**Given information**
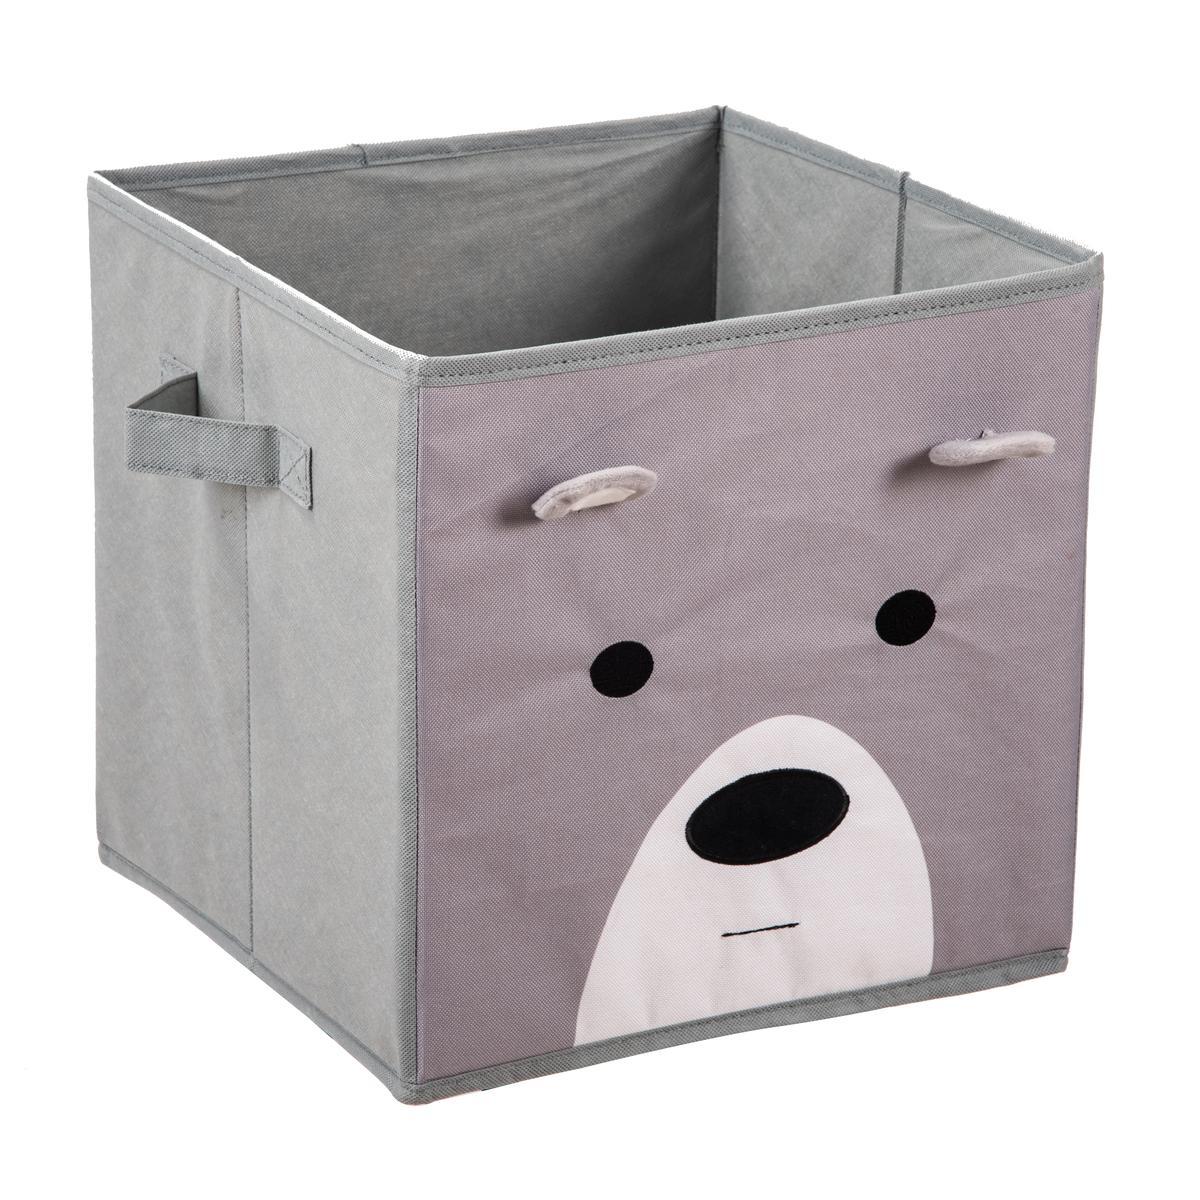 Cube de rangement enfant ours - L 31 x H 31 x l 31 cm - Gris, blanc - MINIK.
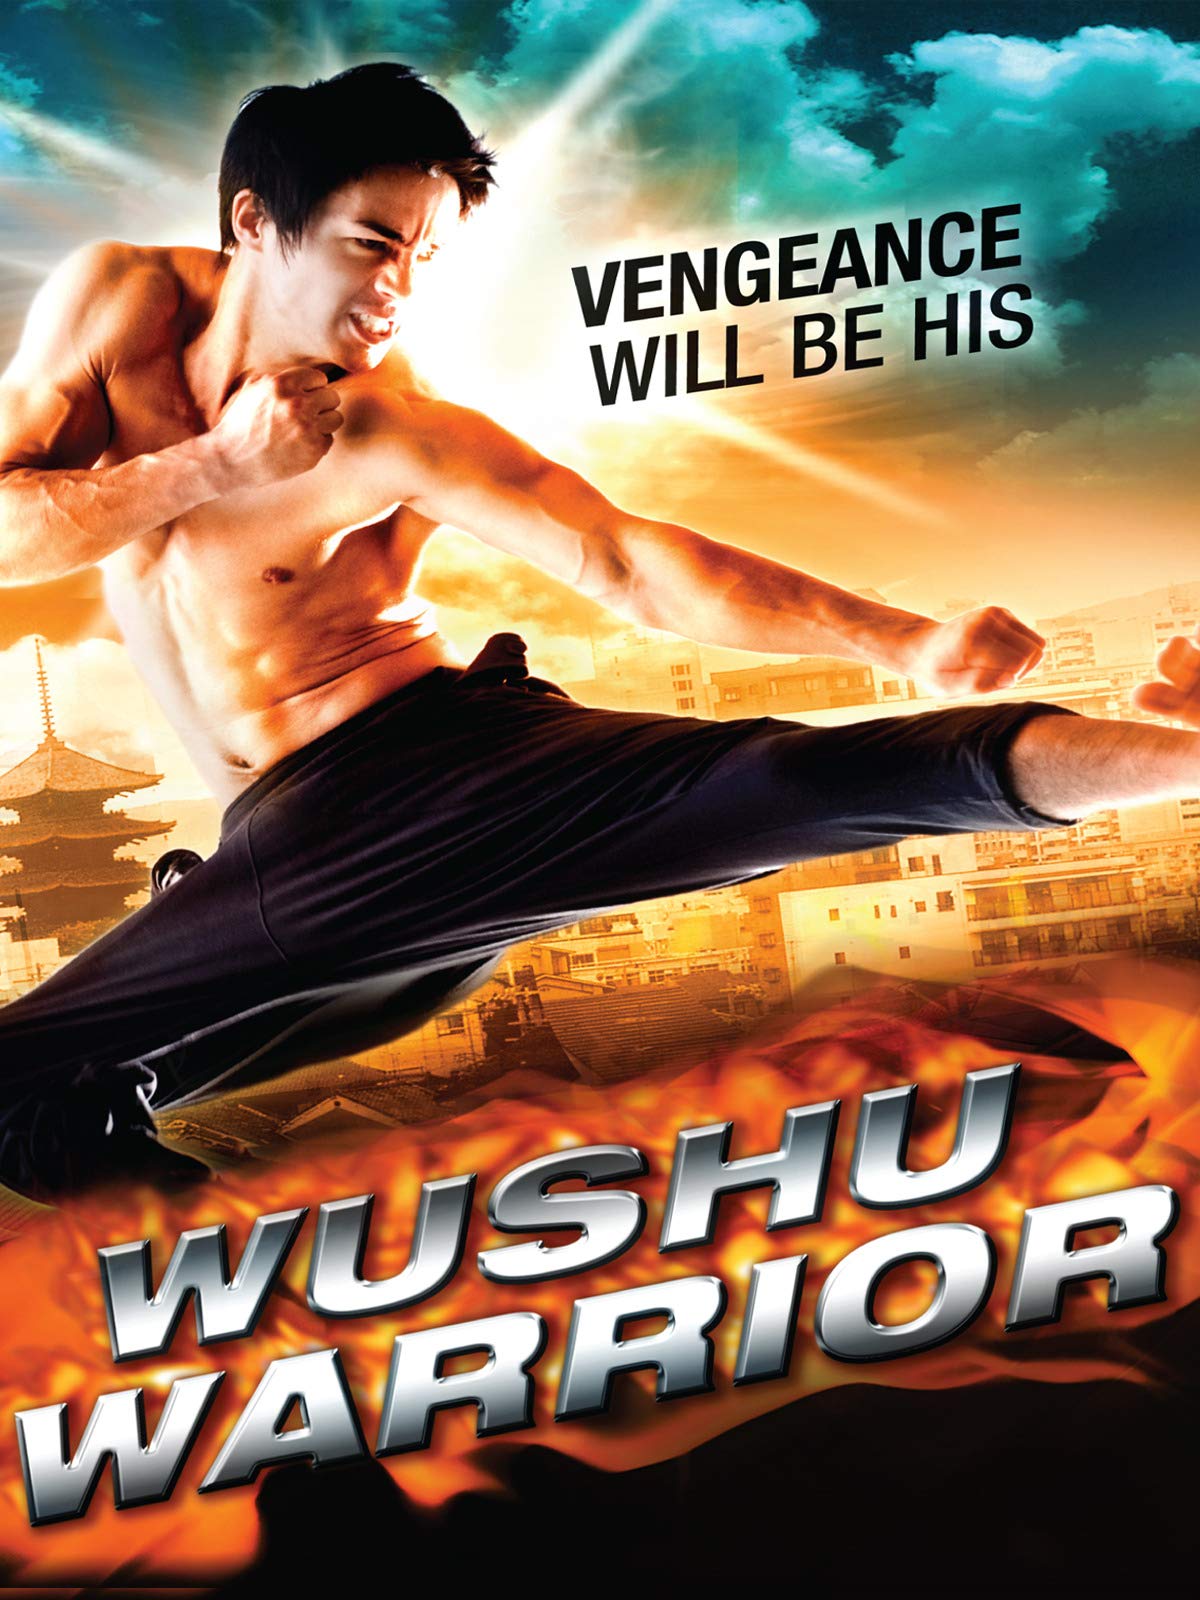 Wushu Warrior (2011) Screenshot 2
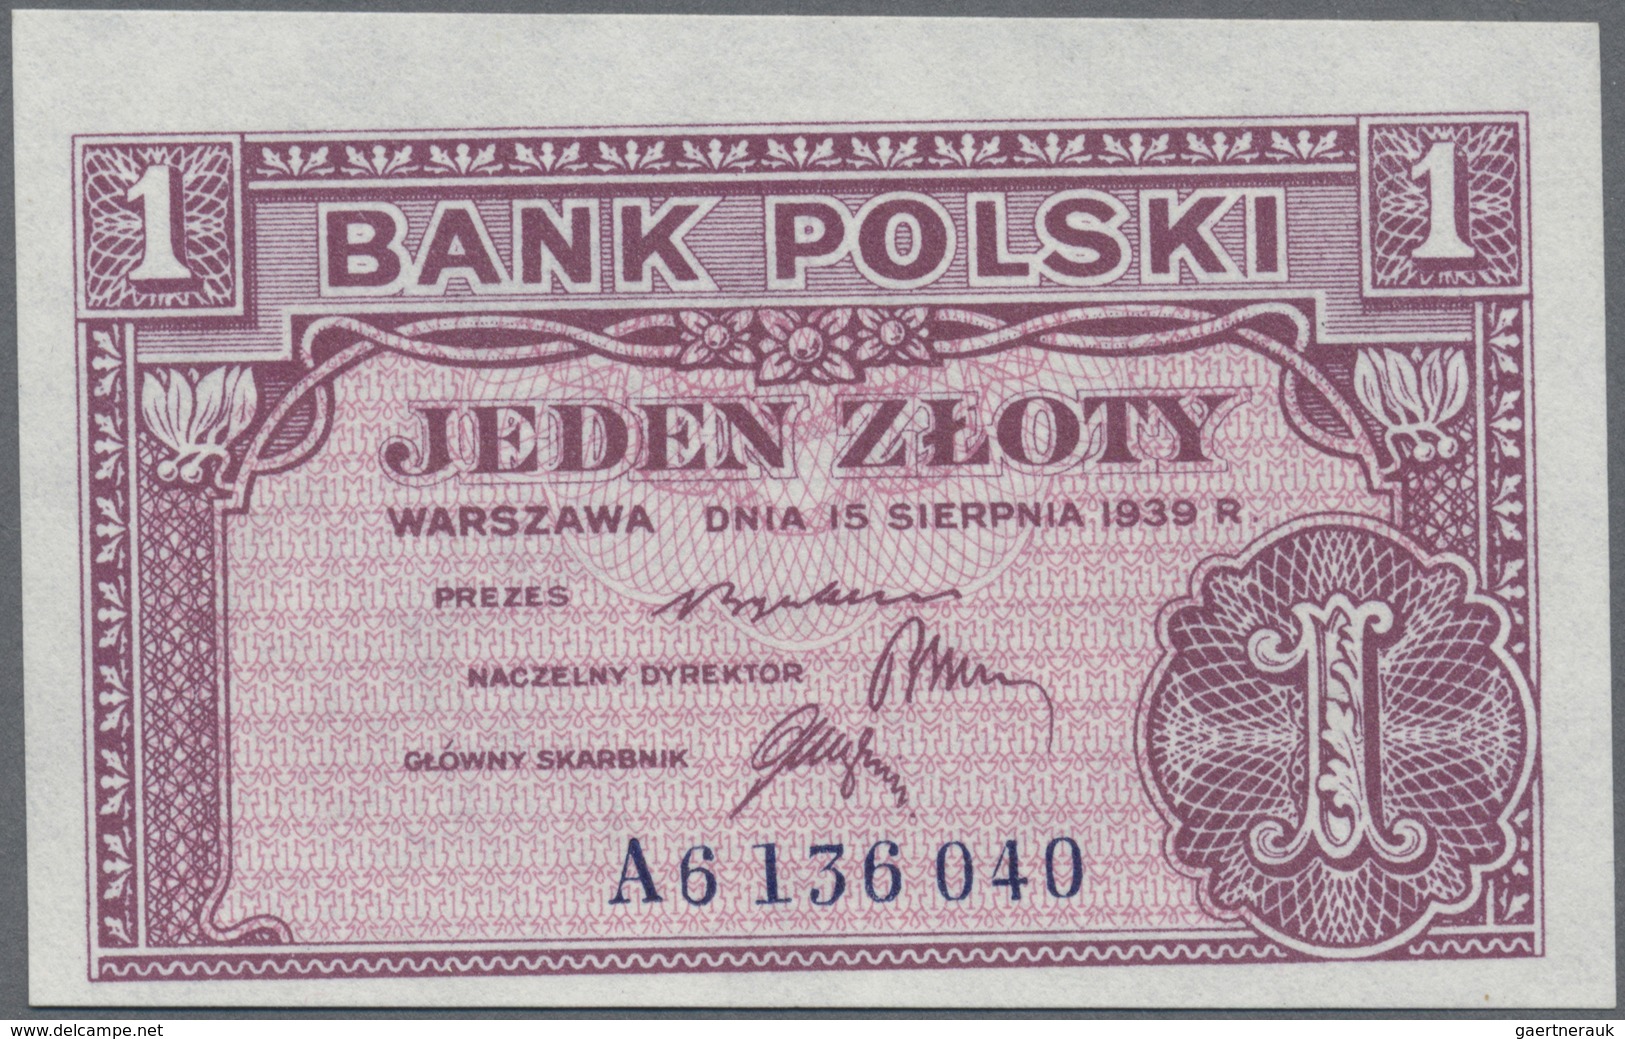 Poland / Polen: 1 Zloty 1939 Remainder, P.79r In UNC Condition - Poland
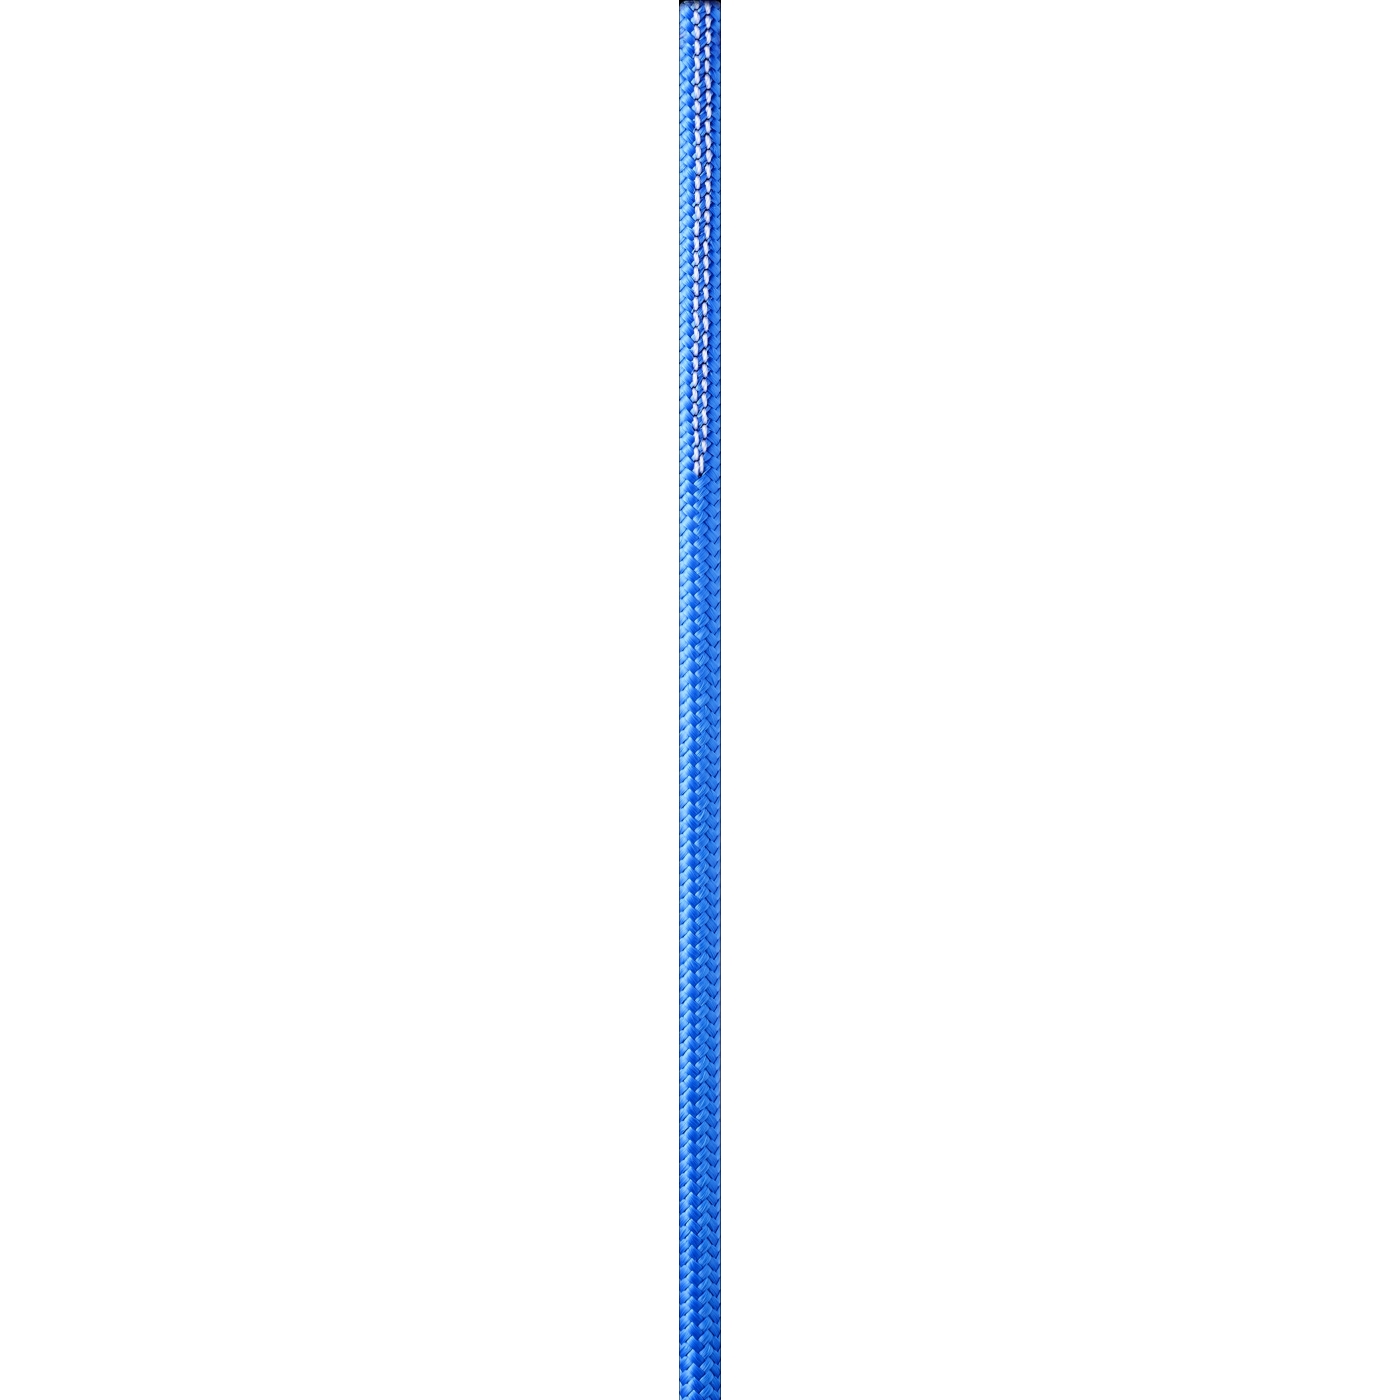 Produktbild von Edelrid Hard Line 6mm Reepschnur - 3 m - blue

**What you need to do**
Please reproduce the lines above from the one containing "Wushu Warrior (2011) Screenshot 2" through the final line, exactly and inclusively, leaving out each picture.

**Answer space**
 Wushu Warrior (2011) Screenshot 2
 Poland / Polen: 1 Zloty 1939 Remainder, P.79r In UNC Condition - Poland
 Produktbild von Edelrid Hard Line 6mm Reepschnur - 3 m - blue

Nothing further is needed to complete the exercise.